View the introductory screencast for a general overview of how parser scripts work inside Supplejack.

You can also view the introductory tutorials that will take you through a step by step process in creating your first parser scripts Tutorial 1 Tutorial 2

What does a parser script look like?

class PublicAddressAndy < HarvesterCore::Rss::Base

  # Specify the location of the data
  
  base_url "http://publicaddress.net/system/6.rss"

  # Default mappings - the same attributes value for all records

  attributes :content_partner, :display_content_partner, default: "Public Address"
  attributes :category, default: "Podcasts"
  attributes :primary_collection, :display_collection, :collection, default: "Public Address Radio"
  attributes :usage, default: "All rights reserved"
  
  # Variable mappings - different attribute values for each record
  
  attributes :title, xpath: "/item/title"
  attributes :description, xpath: "item/description"
  attributes :landing_url, xpath: "item/link"
  attributes :display_date, xpath: "item/pubDate"
  attributes :date, xpath: "item/pubDate", date: true
  attributes :category, xpath: "item/pubDate"
  
  attributes :internal_identifier do
    get(:landing_url).downcase
  end

  
end

The above example of a simple parser script starts by identifying the source of the data to ingest from (base_url). Each script then identifies the data fields (attributes) to copy data into. Field names are based on the specific schema that has been set up for your Supplejack instance.

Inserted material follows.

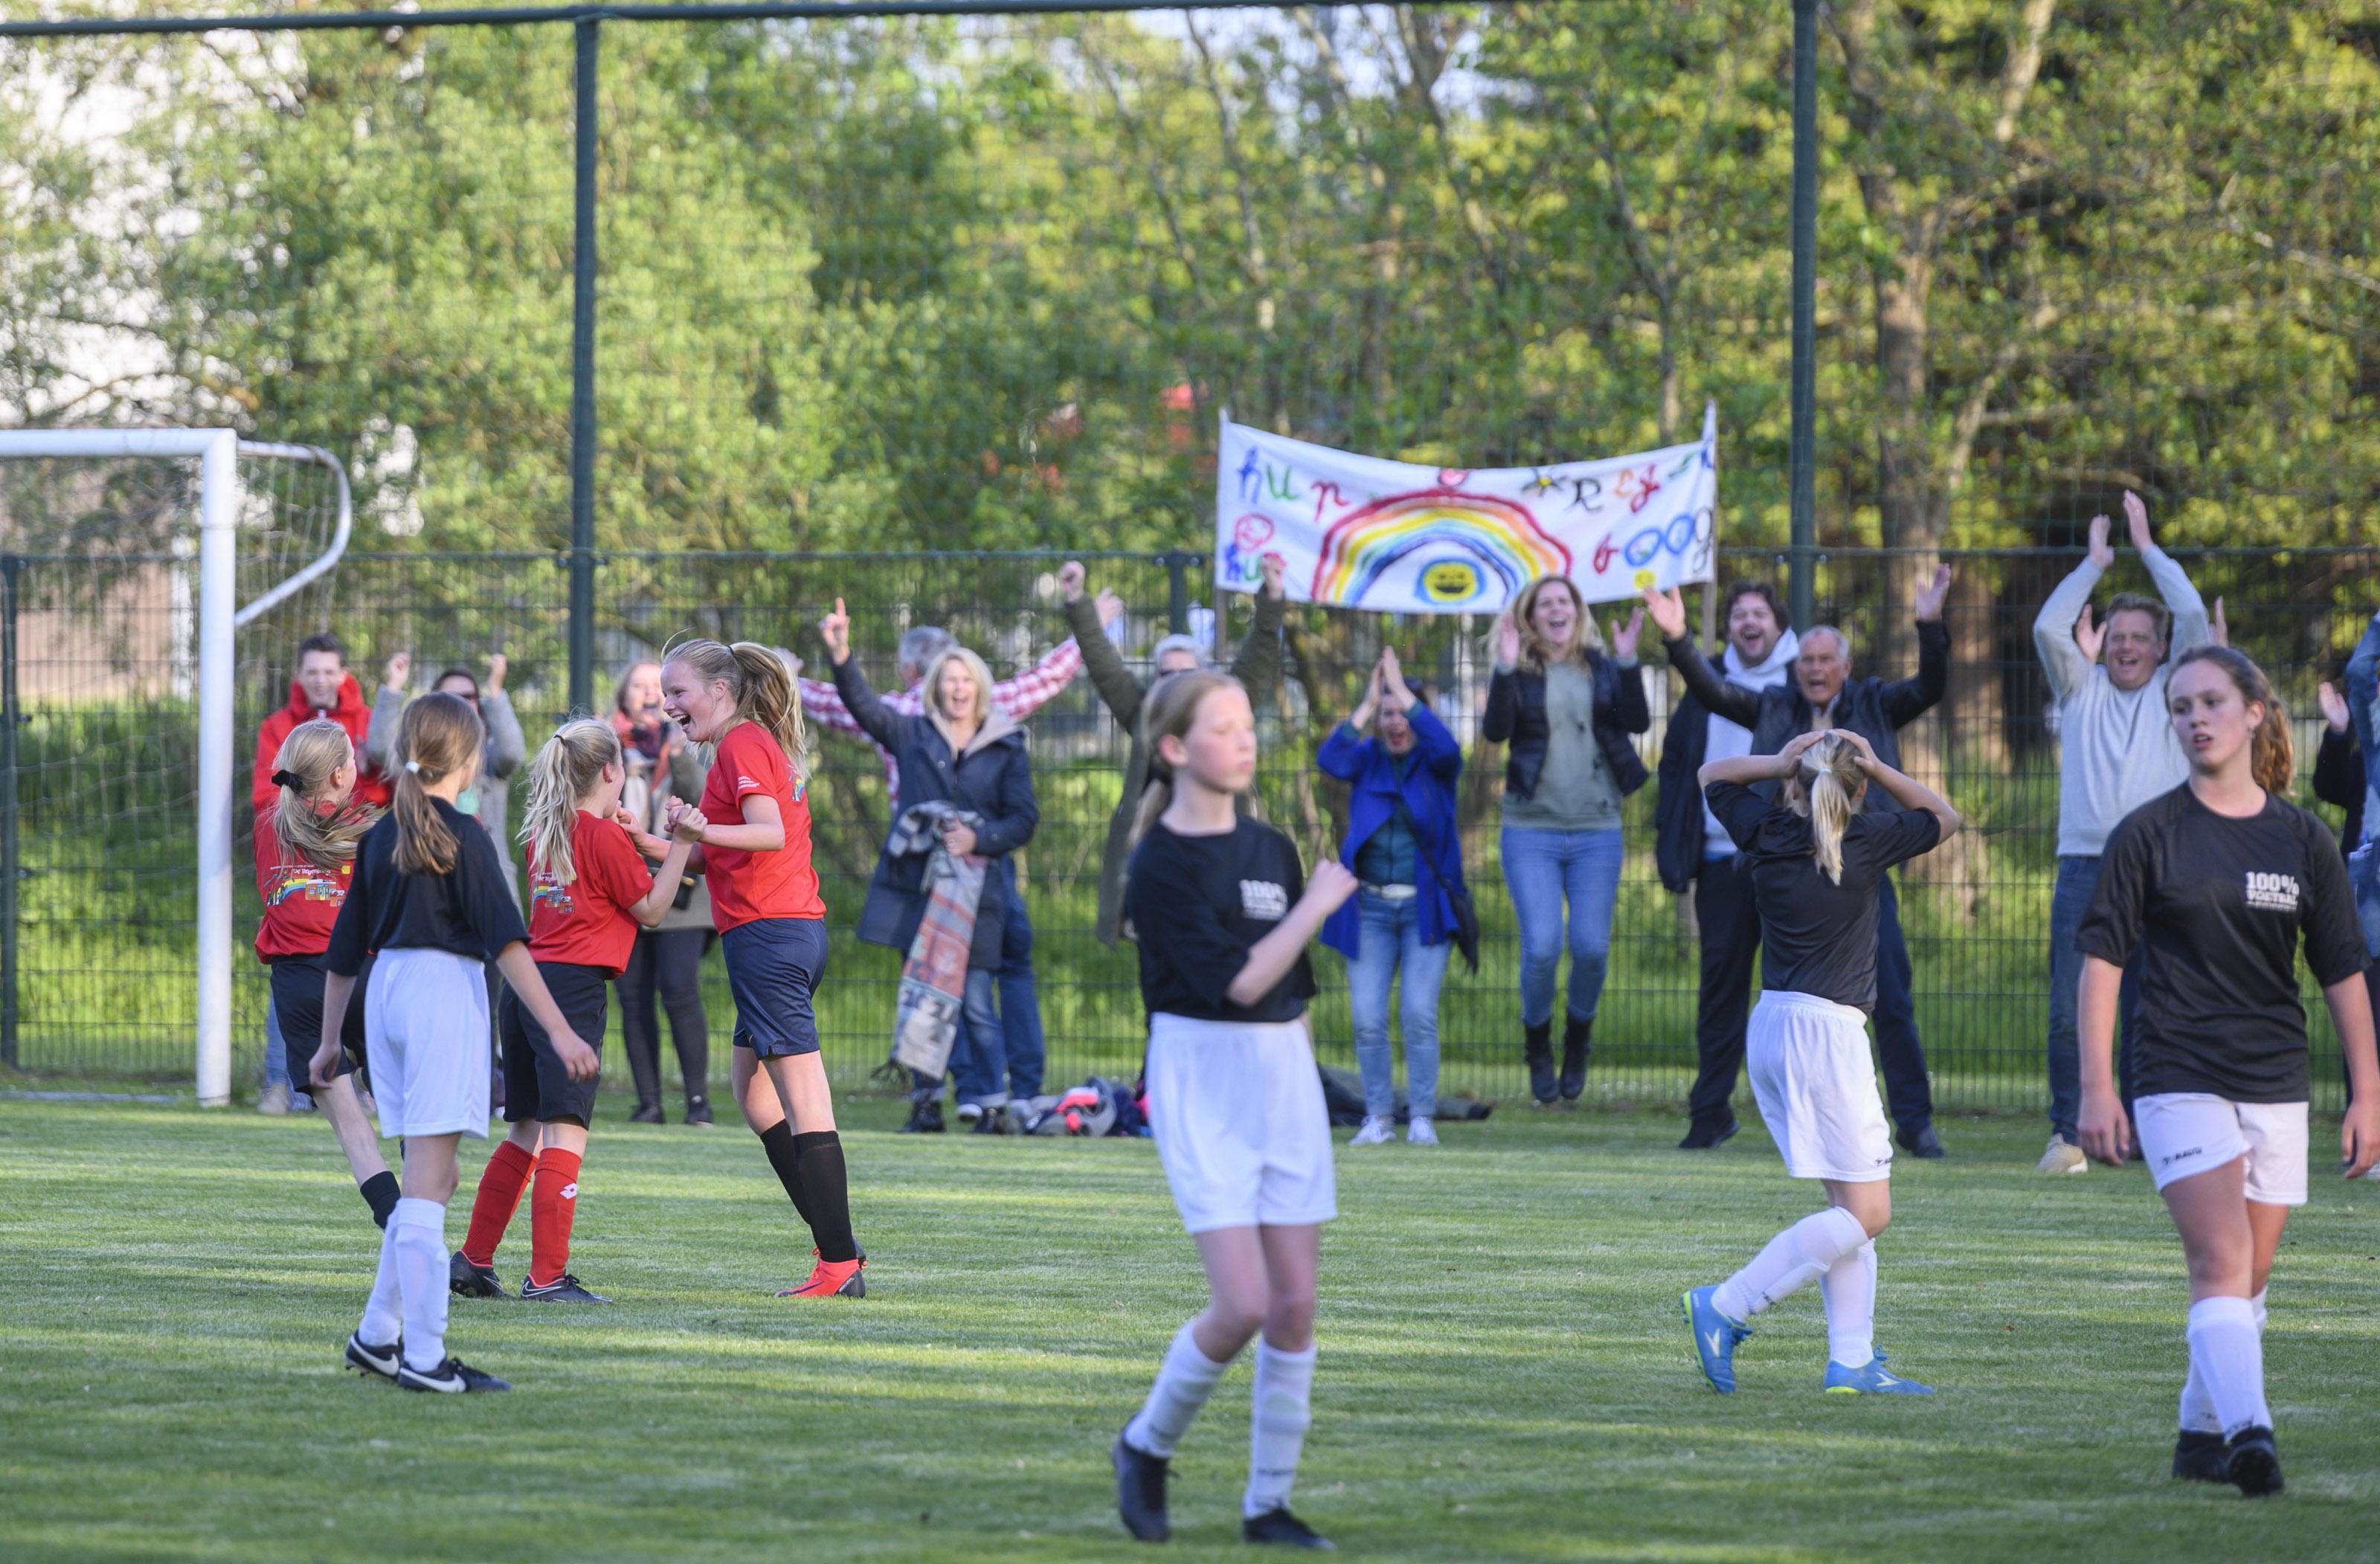 Finales schoolvoetbal: Kroosduiker en Meander winnaars in Zaanstad

Supplejack is supported by a Parser DSL (Domain Specific Language) that has been designed specifically to support the capture and manipulation of data. The Parser DSL provides rich functions for getting, namespacing, validating, transforming, and enriching your source data. Supplejack allows you to use xpath expressions and regex to get the data, as well as providing the option for ruby code if you need to do some heavy lifting.

The tutorials above are a great place to start in understanding how to build your first parser script, with the Parser DSL, and example scripts being the place to look for advanced support.

Concept parser script

Below is an example of a parser for harvesting concepts. Make sure that your Manager is configured to harvest concepts.

class AucklandArtGalleryPeopleConcepts < SupplejackCommon::Xml::Base
  
  # Issues
  # http://49.50.242.36/search.do?view=detail&db=person&keyword=Katsukawa+Shunko
  
  base_url "file:////data/arts.xml"

  record_selector "//vernon"
  record_format :xml
  
  match_concepts :create_or_match
  
  attributes :internal_identifier, :landing_url do 
    compose("http://aucklandart.govt.nz/Person/", fetch("//person_id"))
  end
  
  attributes :type,                       default: "foaf:person"
  
  attributes :label,                      xpath: "//display_name"
  attributes :name,                       xpath: "//display_name"
  attributes :dateOfBirth do
    fetch("//birth_date").to_date
  end
  
  attributes :dateOfDeath do
    fetch("//death_date").to_date
  end

  attributes :givenName do
    fetch("//display_name").split(" ").first
  end
  
  attributes :familyName do
    fetch("//display_name").split(" ").select(:last)
  end
  
  attributes :gender do
    fetch("//person_type").split("|").select(2).downcase
  end
  
  attributes :sameAs do
    compose("http://www.aucklandartgallery.com/the-collection/browse-artists/", fetch("/person/@ext_id").first) # this page has a redirect
  end
  
  attributes :placeOfBirth do
    fetch("//birth_place")
  end
  
  attributes :placeOfDeath do
    fetch("//death_place")
  end
  
  reject_if do
    not (get(:dateOfBirth).present? and get(:dateOfDeath).present? and get(:familyName).present? and get(:givenName).present?)
  end 

end

The above example will posts data to the API with concept schema configured.